Излагать «Путешествие» — неблагодарная задача. Его нужно прочесть. И его стоит прочесть даже в наше время, при всей чуждости нам его старомодного языка и отдаленности от нас его вопросов. «По мере того, как вчитываешься в эту книгу, — говорил Г. В. Плеханов, — впечатление, производимое недостатками, ослабевает, а впечатление, получаемое от ее содержания, наоборот, все более и более усиливается».

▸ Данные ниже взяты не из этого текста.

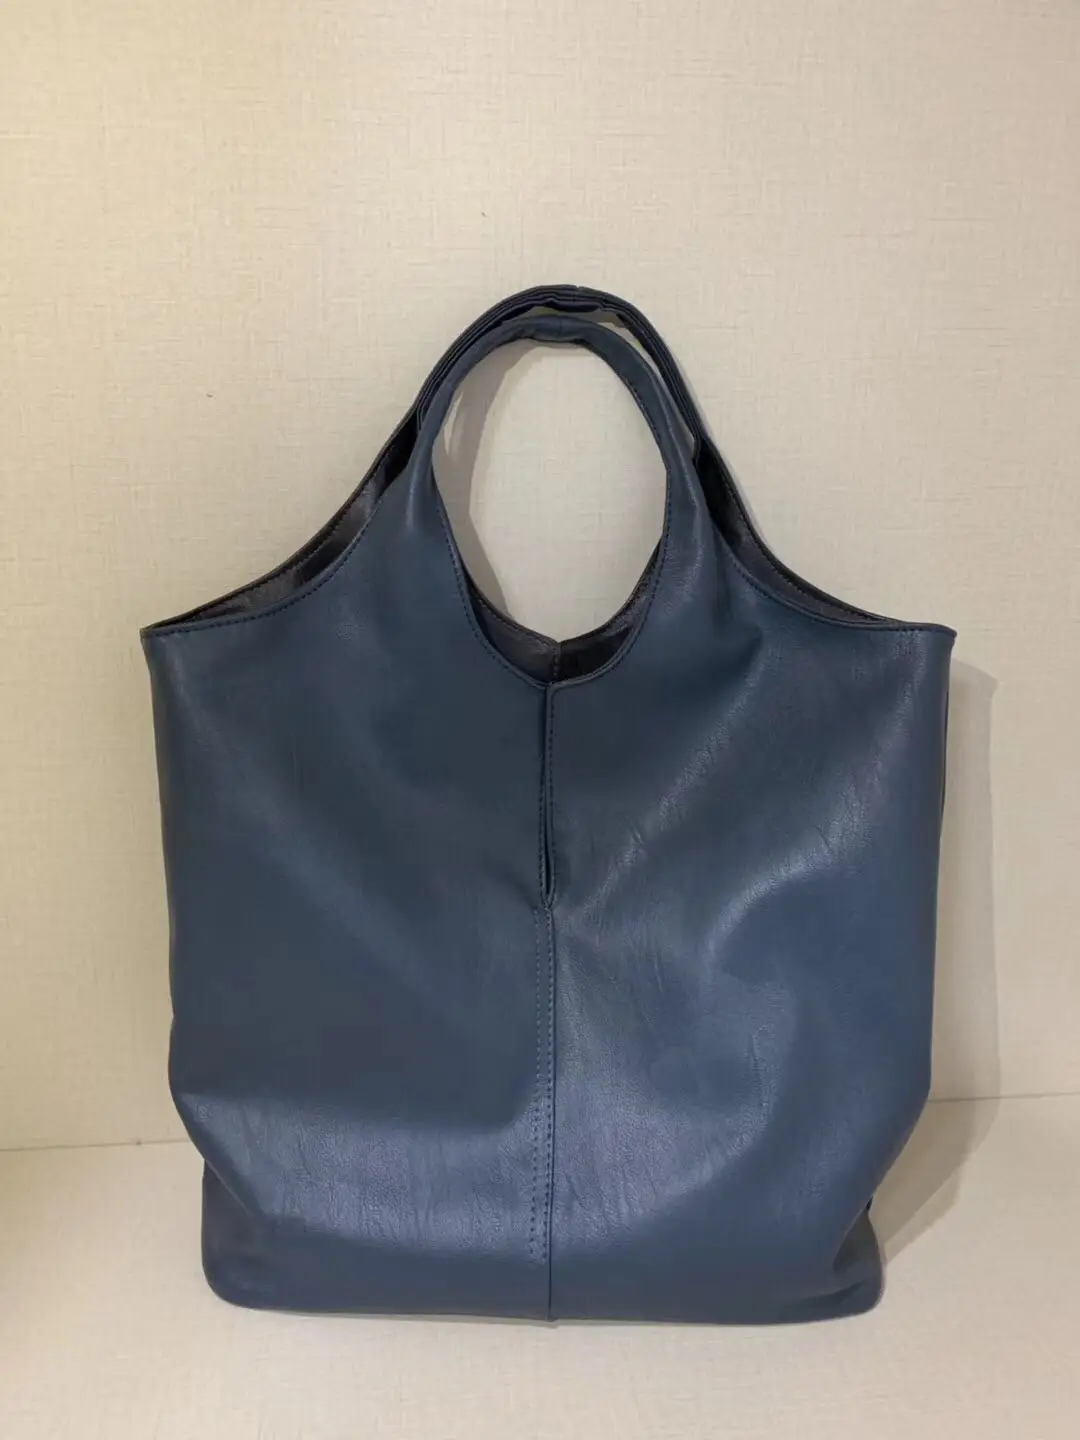 

Female 2Set Bag Fashion Women's Vintage Artificial Leather Tote Hobo Shoulder Bag Handbag Large A4 College School Work Business

Помимо рассматриваемых в нашей работе тем, Радищев затрагивает ряд вопросов быта и общественно-политического строя России. Свою революционную критику он с особенной силой обрушивает на самодержавие и сословное строение государства и на институт крепостного права. По смелости мысли, яркости образов эта критика долго оставалась непревзойденной. На многих страницах своей книги Радищев поражает нас также глубоким пониманием классового происхождения ряда учреждений. Его положительные идеалы не всегда определенны. Беспристрастный анализ, однако, позволяет заключить, что в основном он был сторонником демократически-республиканского строя и если в отдельных случаях отходит с этой позиции к компромиссному либерализму, то такого рода отходы нужно объяснить его трезвым учетом неподготовленности народа и отсталости страны в целом.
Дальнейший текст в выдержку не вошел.